Comment 11 Eike Rathke 2024-02-01 12:30:30 UTC
#3 is not possible as there is no non-NaN-payload mode implemented, and implementing it would require not only different error handling but also different transport of errors between intermediary results up to final results of a formula expression; while technically possible I wouldn't call it feasible or viable, as the effort would be huge, add even more runtime penalty, and possibly overlooking things adds uncertainty.

#2 might work to some degree, someone would have to actually try on such an inferior architecture what happens. My (hopeful) guess is that _some_ NaN is transported so there will be _some_ error (e.g. indicating numeric failure) but any detail about what specific error will be lost. But that also means that code reacting on specific error information will fail, so not everything will work.
Comment 12 Sakura286 2024-03-29 03:21:39 UTC
Here is the patch which add NaN payload check at app startup.

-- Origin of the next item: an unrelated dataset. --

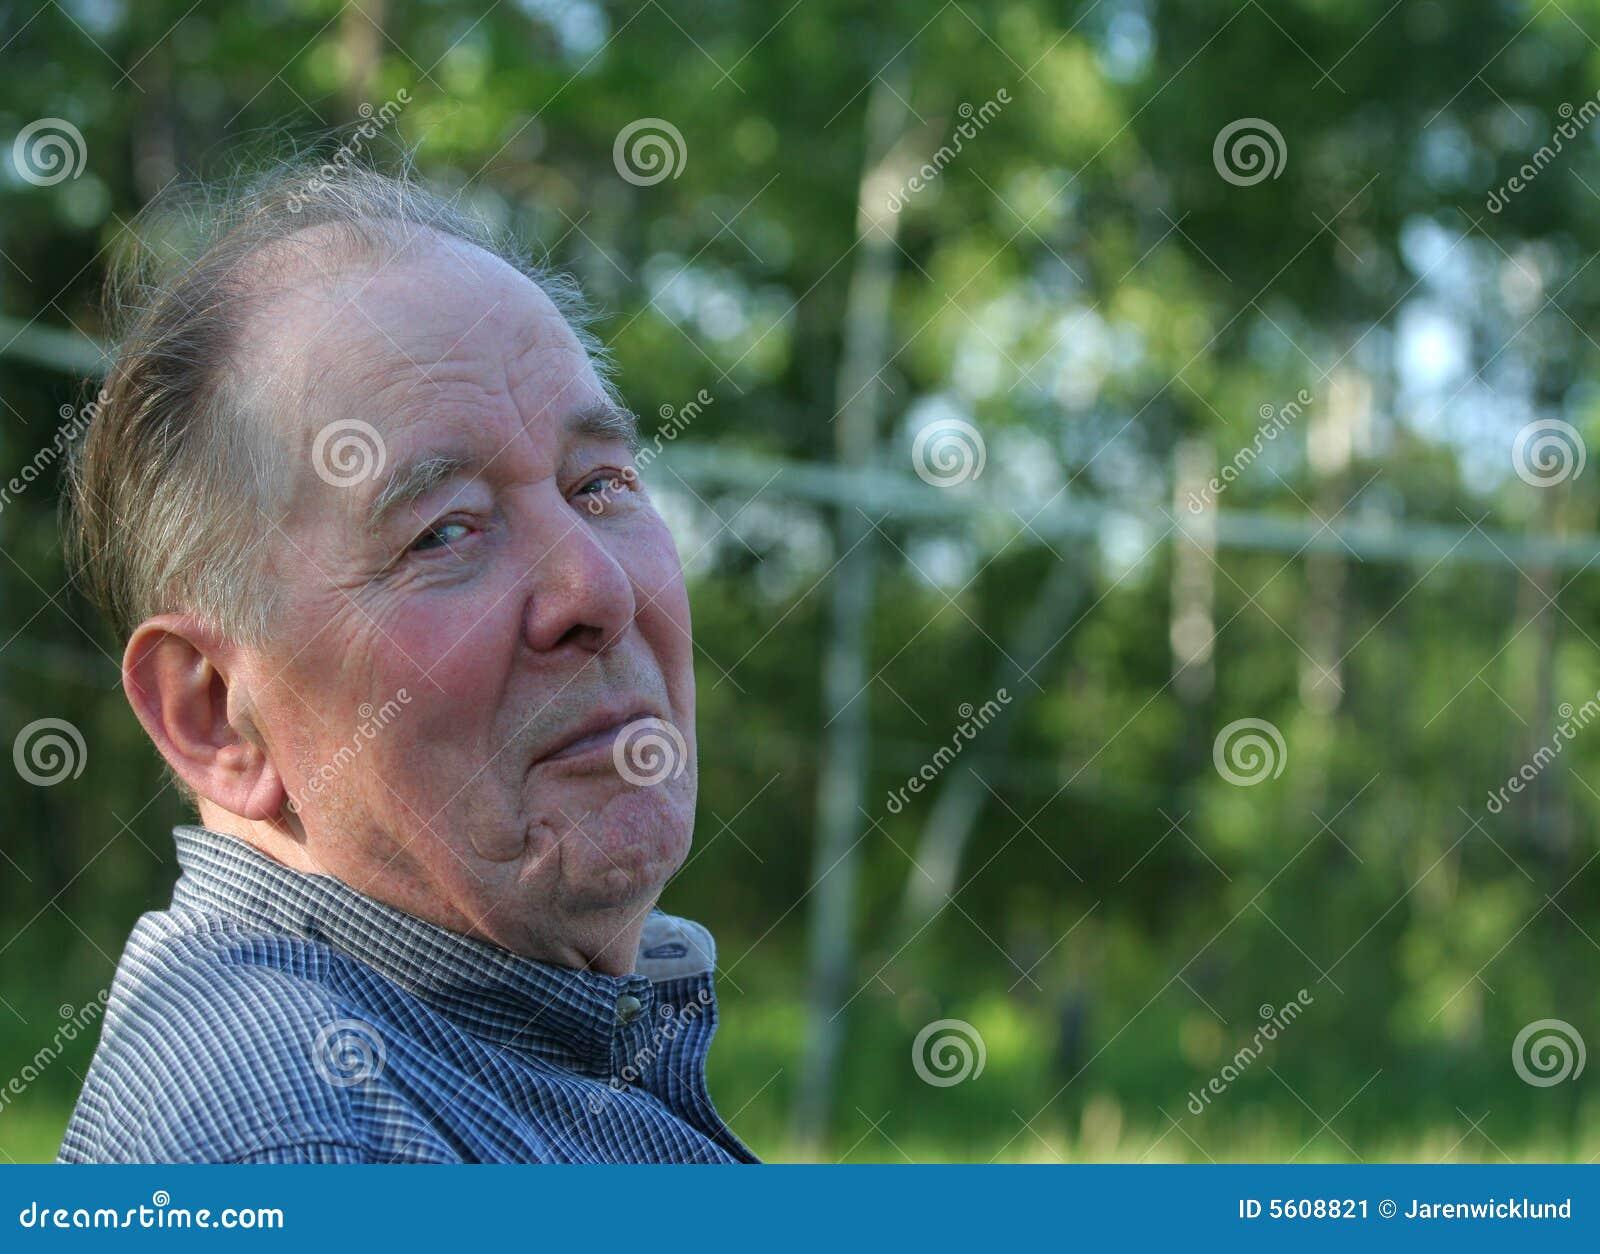 7753004658a Stock Image  Elderly Man Enjoying Outdoors Picture. Image  5608821

https://gerrit.libreoffice.org/c/core/+/165391

The content of the patch:

1. check nan payload on app startup
2. emit signal to call 'CreateNanPayloadWarningDialog()'
3. the factory creates dialog
4. record property 'ShowNanPayloadWarning' persistent
Comment 13 Sakura286 2024-10-22 03:32:57 UTC
I have add some commits related to this bug.

For builder:

- Add autogen.sh option to skip NaN payload tests https://gerrit.libreoffice.org/c/core/+/174801
- Extract NaN payload test code to make it reusable https://gerrit.libreoffice.org/c/core/+/174964
- Add check at the start of some test sequence https://gerrit.libreoffice.org/c/core/+/175293  

For user:

- Add check at app startup and inform the risk to the user if NaN payload is not supported. https://gerrit.libreoffice.org/c/core/+/165391

I would be appreciated If someone gives me advice or helps to review the patches.
Comment 14 Commit Notification 2024-10-23 13:23:03 UTC
Sakura286 committed a patch related to this issue.
It has been pushed to "master":

https://git.libreoffice.org/core/commit/6a7dd6fcd95cb6086e447d1897bed750bceee8c2

tdf#152943: Add NaN payload check at the start of sc_ucalc test sequence

It will be available in 25.2.0.

The patch should be included in the daily builds available at
https://dev-builds.libreoffice.org/daily/ in the next 24-48 hours. More
information about daily builds can be found at:
https://wiki.documentfoundation.org/Testing_Daily_Builds

Affected users are encouraged to test the fix and report feedback.